I grew up in a small town on top of the Palisades in New Jersey. From my bedroom window, I could see the famous skyline of New York City. As a child, I always wanted to be an artist or a veterinarian. By eight years old, I had cats, dogs, fish, snakes, a monkey, and even a camel. I spent many weekends in New York City browsing through museums and art galleries.
At school, the art teacher considered me “unteachable,” yet now my paintings hang in galleries and collections around the world. Because my lines were never straight and my paintings didn't have dimension, teachers told me they were wrong. My school wasn't progressive enough to recognize primitive painting as a legitimate art form.
I studied filmmaking at UCLA in California and went on the road to document a rodeo team, a long-distance trucker, and even the birth of a baby. Home was a beach house in Malibu, California, furnished with the discarded furniture of movie stars. I had Flip Wilson’s lawn chairs and Barbra Streisand’s settee. To finance my studies, I worked odd jobs, including running the movie projector at the Malibu cinema, chauffeuring residents of Beverly Hills, and fertilizing cacti with a silver spoon at a desert nursery. My odd job now is creating books for children.
On completing my studies, I moved to the Caribbean island of Montserrat, where I began her career as a painter. I later moved to London and eventually to Fremantle, West Australia, where I now reside.
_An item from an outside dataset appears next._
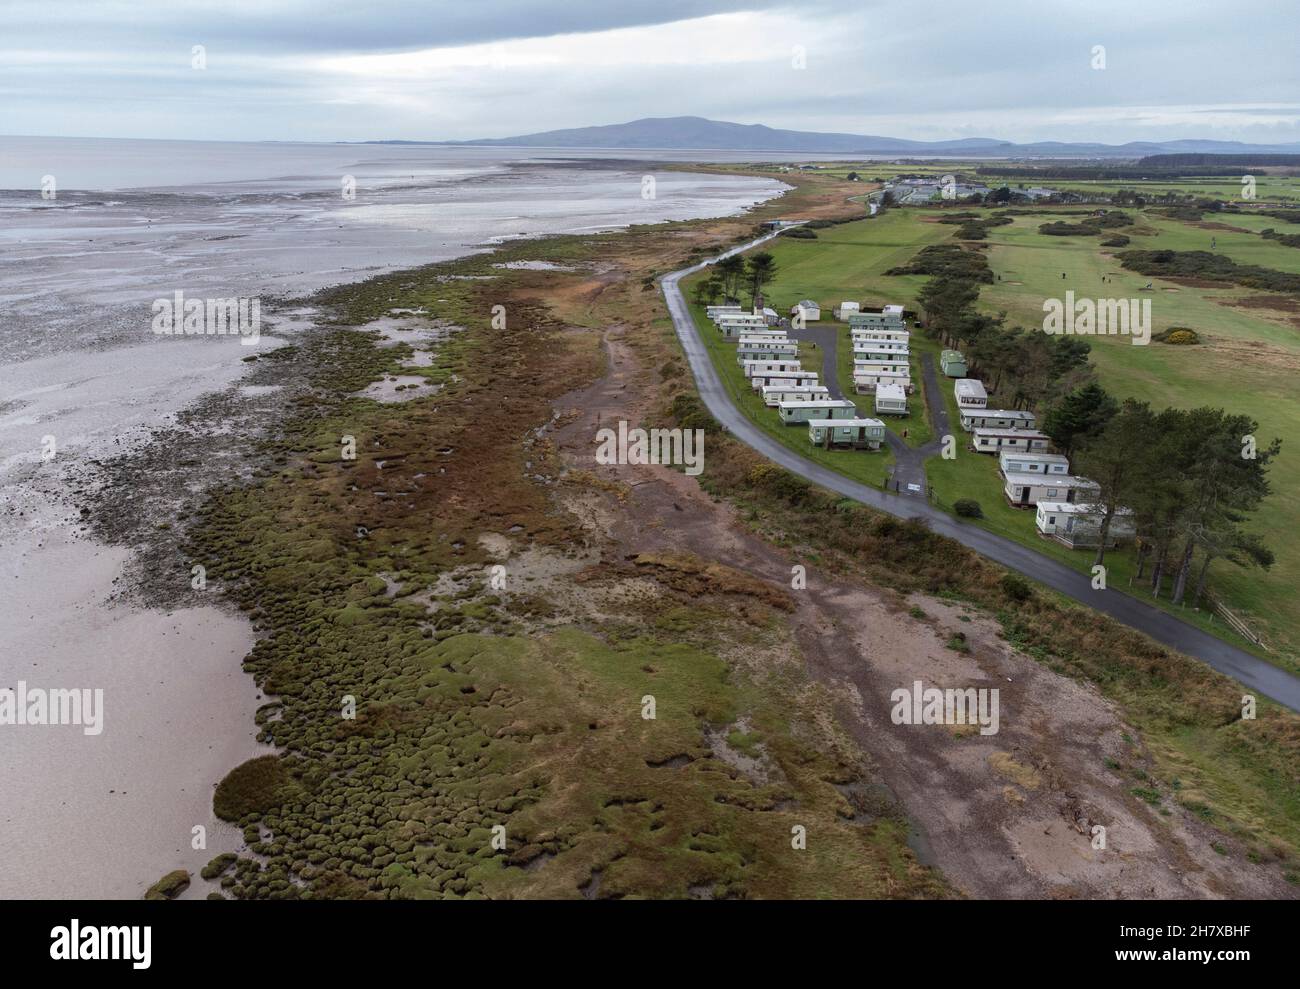 An aerial view of the Solway Firth coast line at Powfoot, Dumfries and Galloway, Scotland showing a coast road and a holiday caravan park. Stock Photo

I now have more than forty picture books published throughout the world. Traveling continues to be a major source of inspiration for my work as I render my impression of a country and its way of life in oil and gouache paintings. My greatest ambition is to instil pride and self-esteem in children about their unique heritage and their own ability to capture in it pictures and words.
Three Things You May Not Know About Me:
When I was a little girl, my father brought a pet camel home for me.
My husband, Mark, (the author of many of my books) and I met on Aprils Fools’ Day at a wake in Bali. Neither one of us knew the person who died, but it looked like a good party.
My studio is full of curious objects. I have animal skulls, feathers, old bottles from ghost towns, rocks in natural heart shapes, postcards by favorite artists, and paintings by my friends.